Gallup respondents were not optimistic about the prospects for change:

  • 82% of seniors say the federal and state governments are fully responsible for rising healthcare costs
  • 75% of seniors say the federal government is not doing enough to ensure healthcare is affordable
  • 80% of seniors say the government is not doing enough to ensure prescription drug affordability
  • Two-thirds of Republicans and Democrats were not confident elected representatives will enact bipartisan legislation to address healthcare costs

Political and policy analysts were split on whether the 2020 election will serve to clarify and drive federal healthcare policy changes.

“Heading into the 2020 election, we’re going to see health emerge as one of the number-one issues feeding voter behavior,” said Tim Lash, chief strategy officer with West Health.

John Zogby, founder and senior partner with John Zogby Strategies, said healthcare was the leading issue in the 2018 election and is likely to be in the top three in 2020.

But Jay Newton-Small, a writer for Time, said 2020 is shaping up as the first election since 2006 where “nobody’s talking about healthcare. Very few [Democratic presidential candidates] even have healthcare platforms up on their websites yet.”

Instead, she expects states to drive healthcare policy changes in the short term.

Where healthcare policy could stall

Richard Eisenberg, managing editor and senior web editor for Next Avenue, highlighted the growing number of Medicare expansion proposals, including the recently reintroduced “Medicare for All” bill sponsored by Bernie Sanders.

But little detail has been provided about the implementation of such proposals. For instance, Sanders has not identified the costs of his proposal or any way to pay for it.

“It’s hard to imagine where you’ll get the money to pass a $4 trillion healthcare plan,” Newton-Small said.

The Medicare expansion proposals could raise concerns among seniors.

“They may fear, or they may be told to fear, that it’s going to raise their taxes,” Eisenberg said.

Zogby said President Donald Trump has reached out to senior voters on the issue and may win over a portion of those voters due to cost concerns surrounding Medicare expansions.

That outlook for Medicare expansion comes as the cost of seniors’ healthcare continues to rise, reaching an estimated $285,000 spanning the retirement years of a couple leaving the workforce this year, Eisenberg said. That’s an after-tax estimate and does not include long-term care.

“That’s why older Americans will be especially interested in what the 2020 candidates have to say about bringing down healthcare costs,” Eisenberg said. That concern likely helped Democrats take control of the House of Representatives and preserve the Affordable Care Act (ACA).
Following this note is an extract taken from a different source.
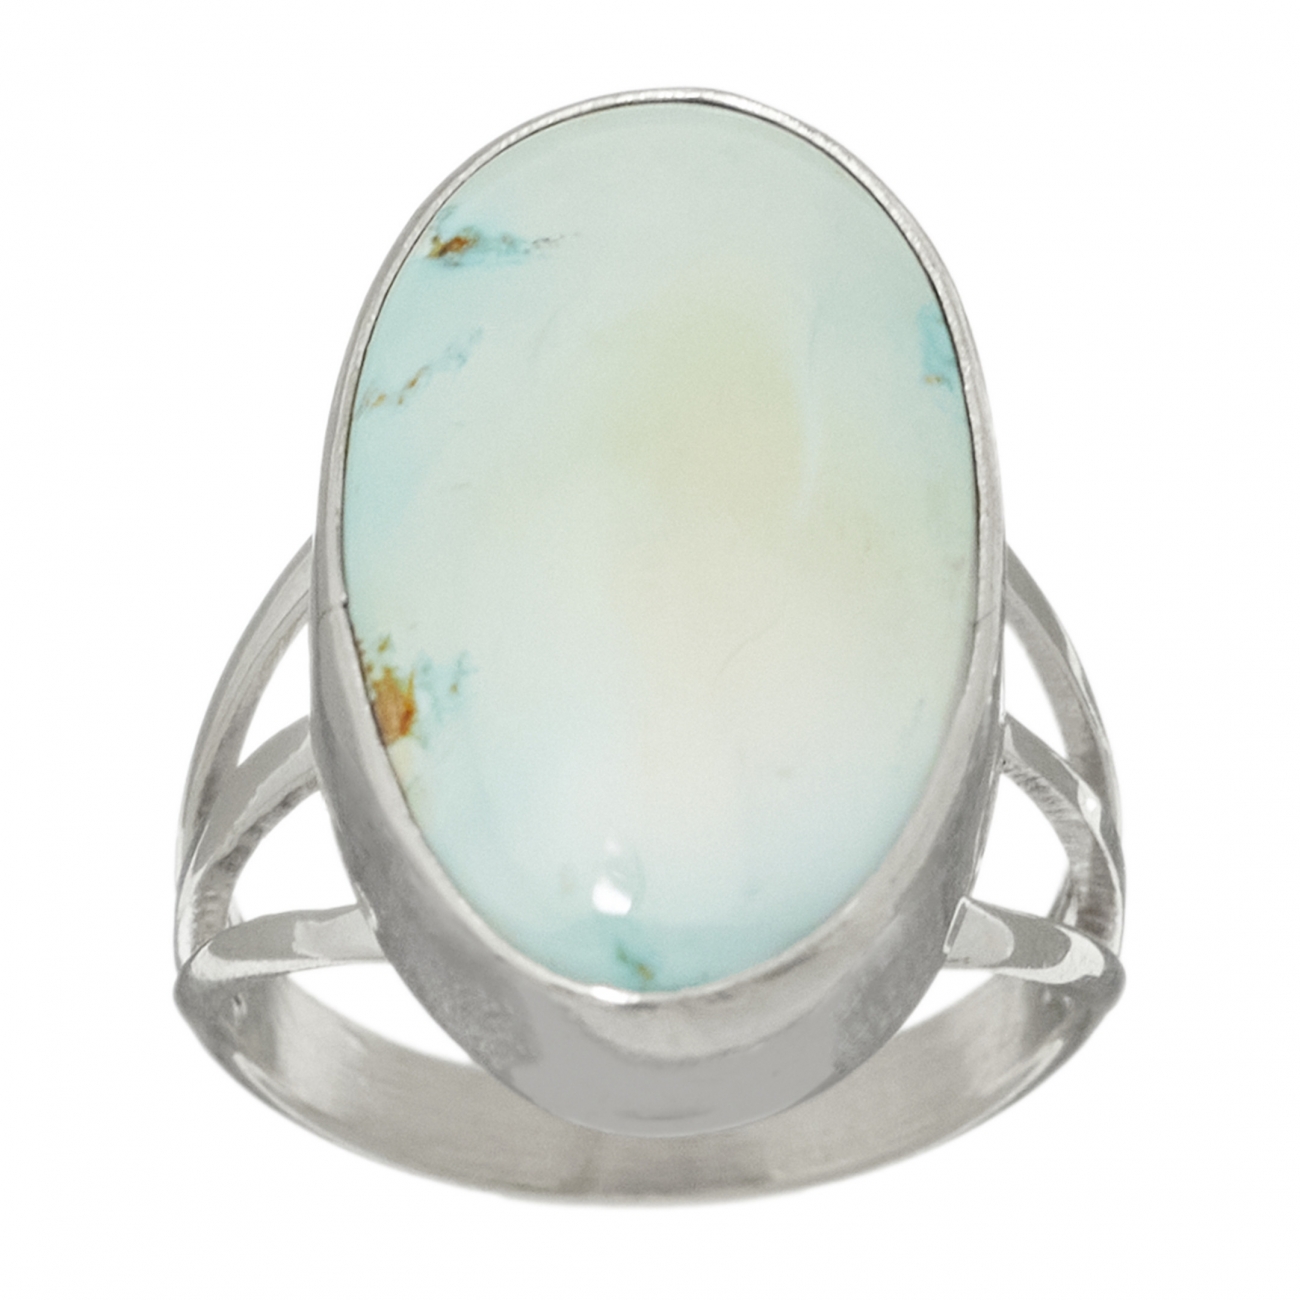 Navajo ring for women BA1032 in turquoise and silver - Harpo Paris

However, Eisenberg noted the low-profile failure of a 2018 Maine ballot initiative, which would have created a universal home-care benefit for seniors and the disabled, funded by a 3.8% tax on people with incomes over $128,000. The proposal failed by a large margin after it was opposed by hospitals and long-term care providers.

“We have to be careful in assuming that voters in general and older voters in particular will automatically vote for proposals to bring down the cost of long-term care and healthcare, especially if the way to do it is going to be new taxes,” Eisenberg said.

Washington state is considering a similar long-term care initiative, following Hawaii’s enactment of such a program in 2018. Washington would be the first state to use a wage tax to fund such a program.

“It would be a really huge and important initiative if it does pass,” Newton-Small said.

If Trump wins reelection, Newton-Small said, legislative changes to the ACA — “even a technical fix” — would be “very controversial.”

“If a Democrat wins, who knows,” Newton-Small said about potential healthcare payment reforms.